Repeat each line of the material below exactly as it appears, minus any pictures.

■ EXERCISE DATA ■
══════════

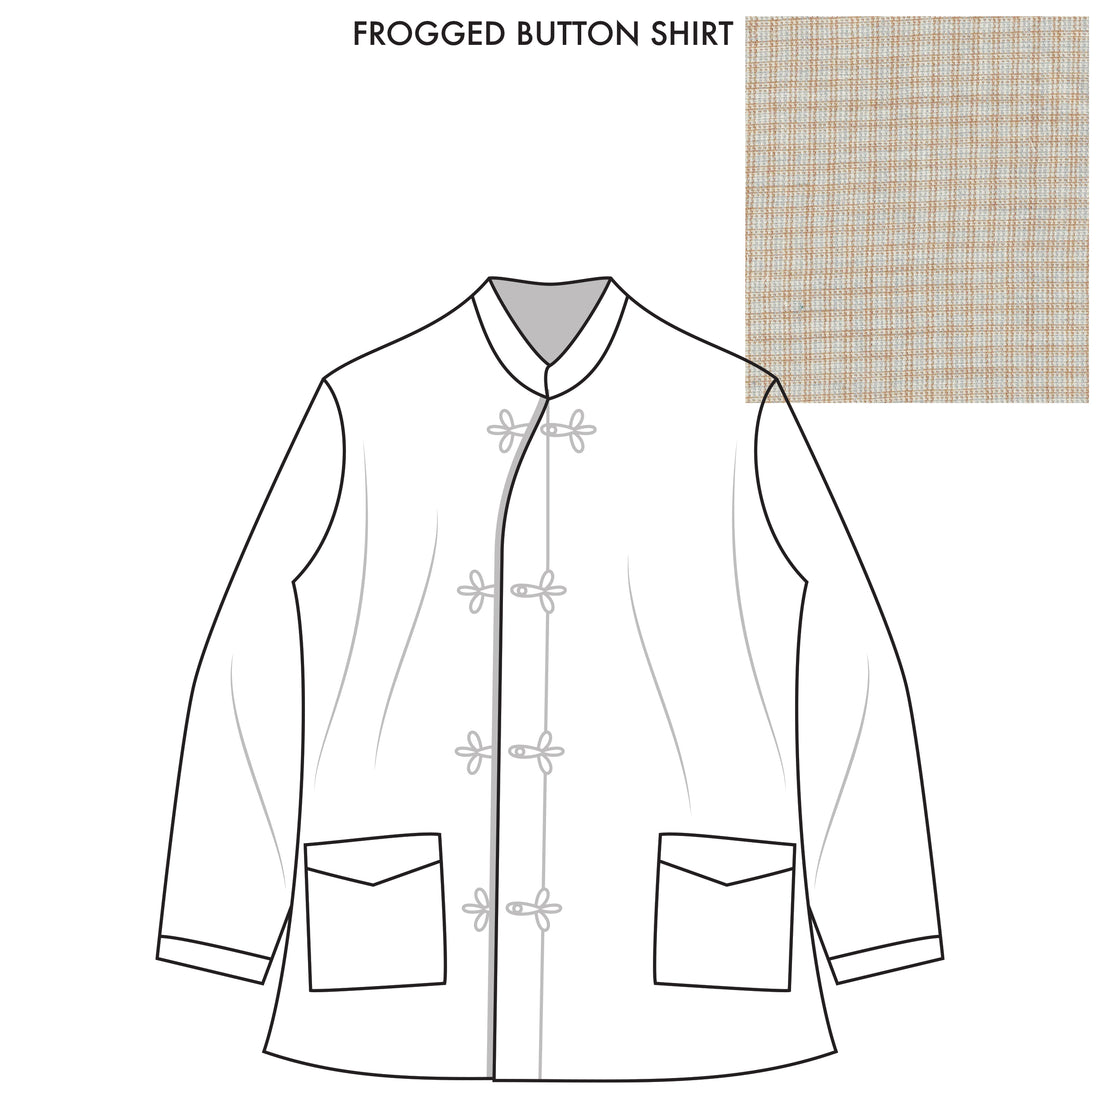 Bryceland’s Frogged Button Shirt Made-to-order Tan/Blue Micro Check
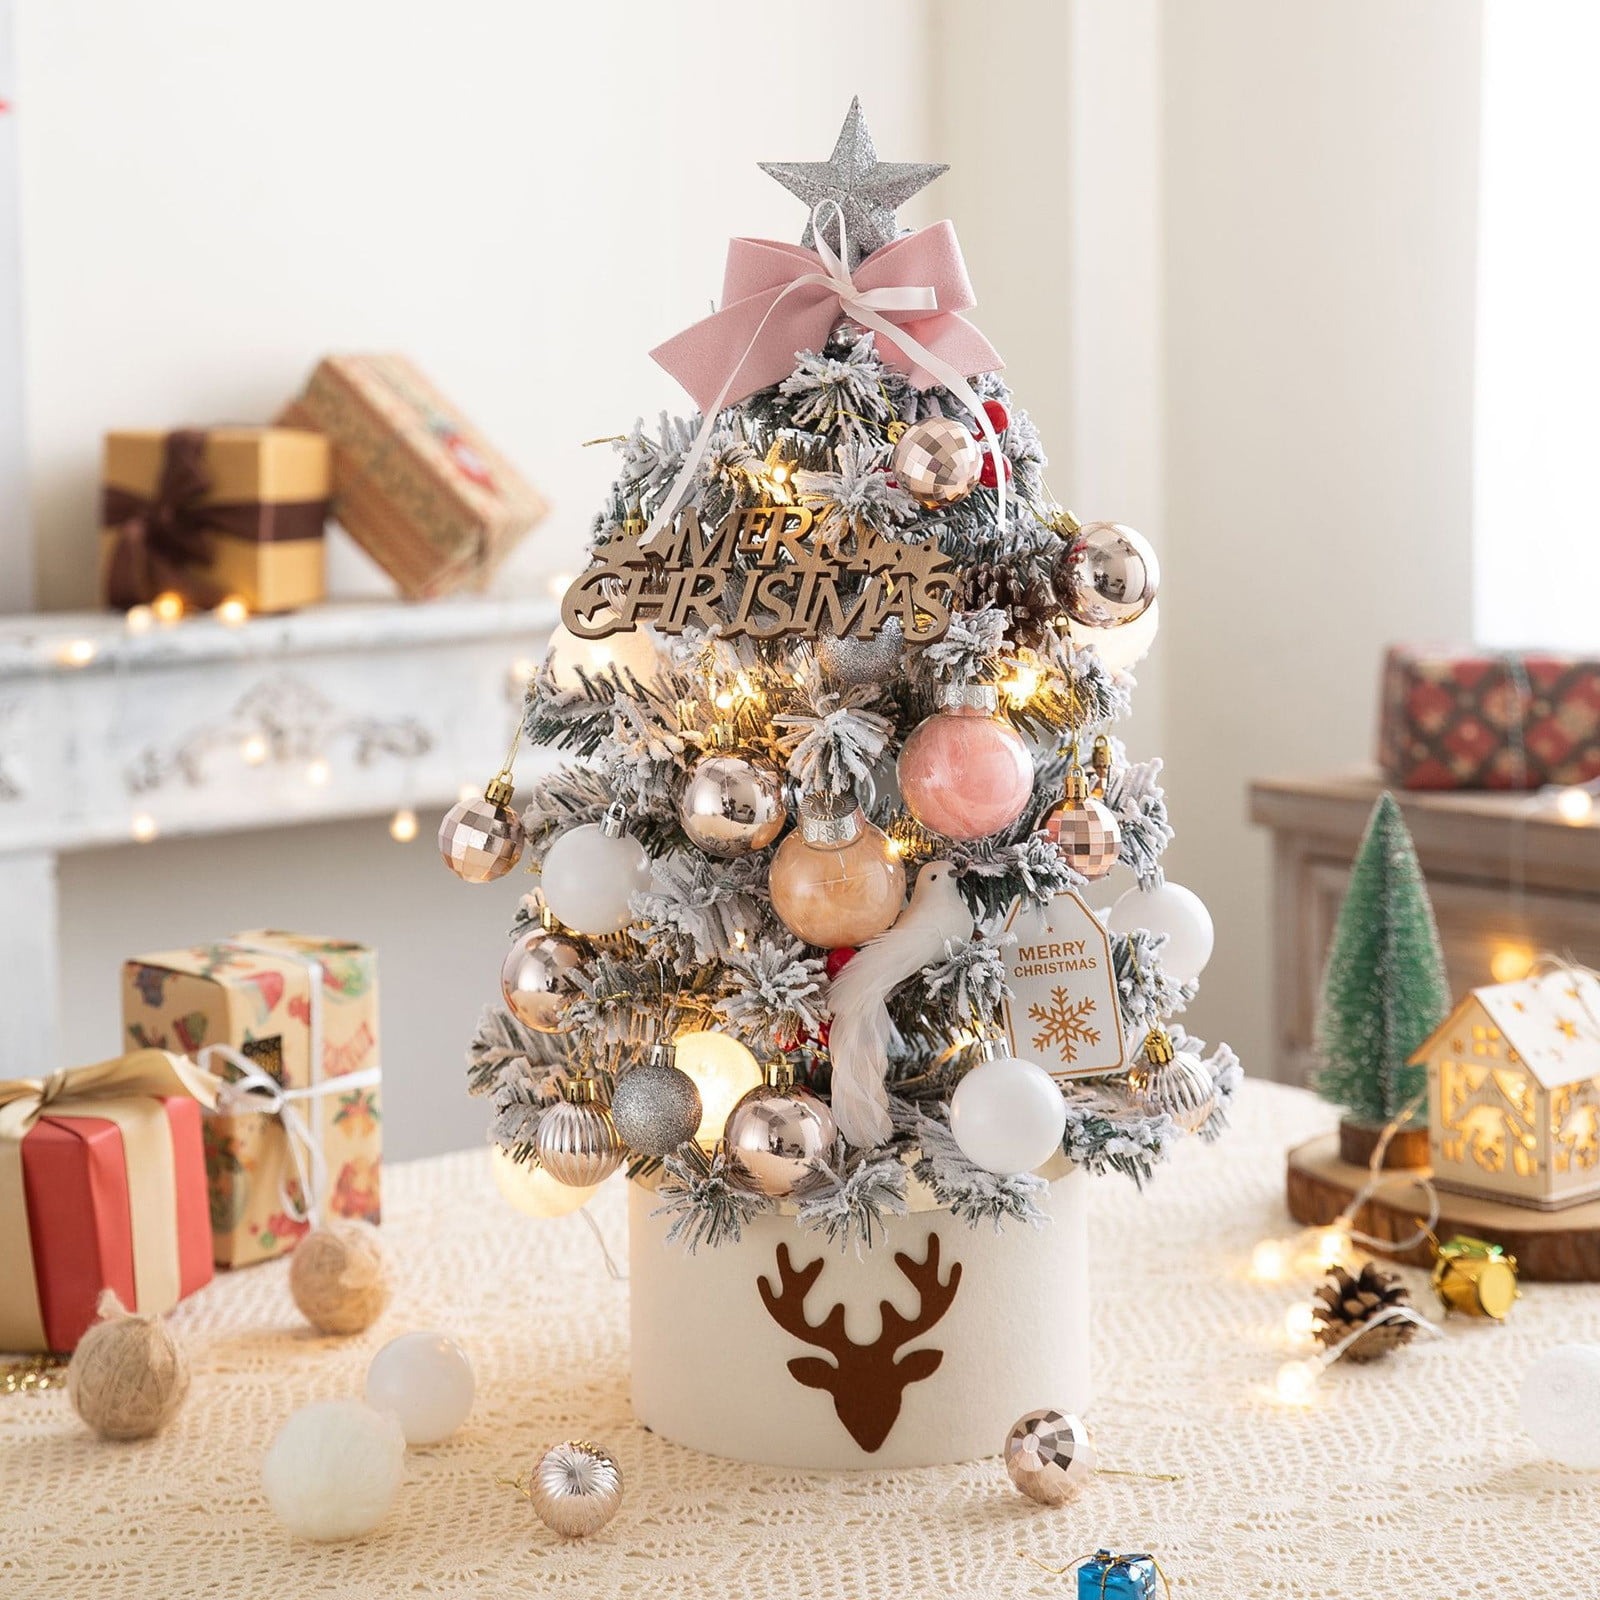 10 Fashionable Christmas Tree Toppers for the Style-Conscious
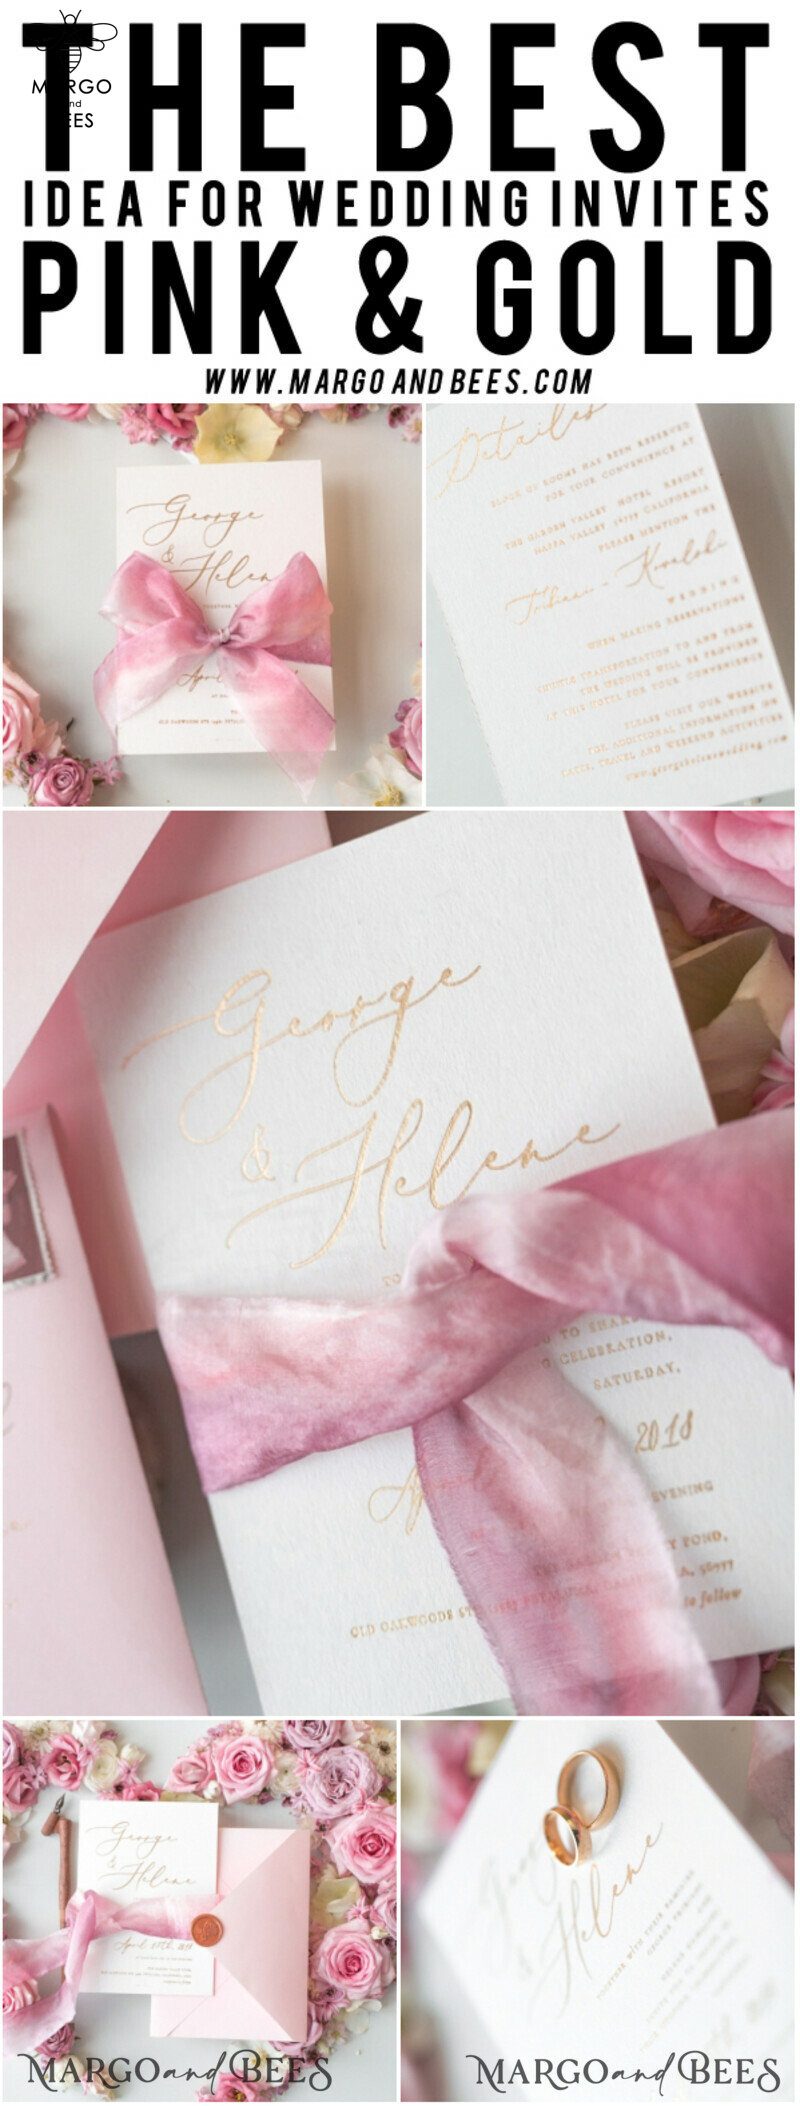  Romantic Blush Pink Wedding Invitations, Vintage Floral Wedding Invitation Suite, Elegant Wedding Cards With Hand Dyed Bow, Glamour Peony Wedding Stationery-51

══════════

■ WRITTEN SOLUTION ■
 Bryceland’s Frogged Button Shirt Made-to-order Tan/Blue Micro Check
 10 Fashionable Christmas Tree Toppers for the Style-Conscious
  Romantic Blush Pink Wedding Invitations, Vintage Floral Wedding Invitation Suite, Elegant Wedding Cards With Hand Dyed Bow, Glamour Peony Wedding Stationery-51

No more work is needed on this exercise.